I have always had a passion for renderings of jewelry. When I was young I would often find myself in museums admiring the great paintings not as a whole but more specifically, the way the jewelry was presented as the sitter sat for the artist.
In the renaissance period jewelry represented power, wealth and status. Often given it’s portable nature vast wealth was kept by nobility in gemstones which were in turn set into jewelry. During this period most jewelry was designed by painters who would then tell the various craftsmen (smiths, enamelers, polishers and setters) how each step was to be executed. When having a portrait made, the nobility would wear these gems to reveal to all the true extent of their wealth. These paintings would document the heirlooms as they passed from generation to generation.
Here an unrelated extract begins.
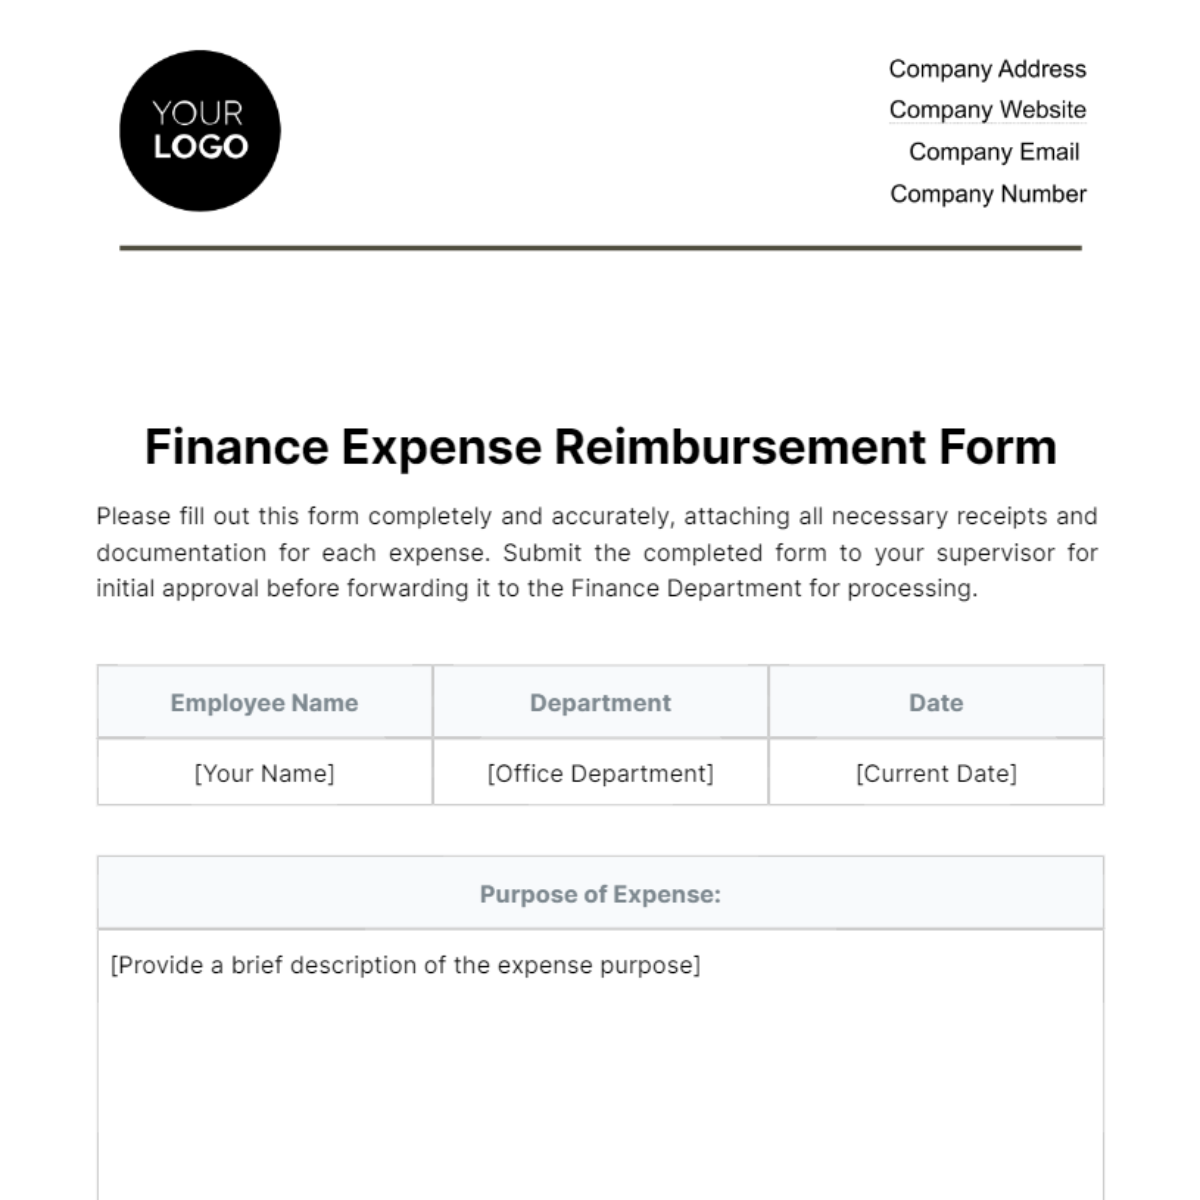 Finance Expense Reimbursement Form Template

In the period of enlightenment, jewelry would be painted within portraiture as symbols of the wearer’s worldliness and culture. The jewels would reflect far off places they had visited and demonstrate their sophisticated taste. At this time, there was the emergence of jewelers who would not only design the pieces of jewelry but would also manufacture them in their own workshops.
As part of this process they would create magnificent sketches that would be drawn in pencil as blueprints for pieces to be made that would then become part of the piece’s provenance.
Later in the Art Nouveau period, watercolors and gouache were added to these sketches to give a certain life and presence to the gems. It was during this period that designers who had begun building international followings began to design entire collections based on their most recent inspirations. They also began exploring new ways of manufacturing and new materials to incorporate into these collections.
In today’s technological world photographs are used for documentation and CAD programs for the working drawings. However, to this day there are still artisans like myself who are painting jewelry as they have for centuries.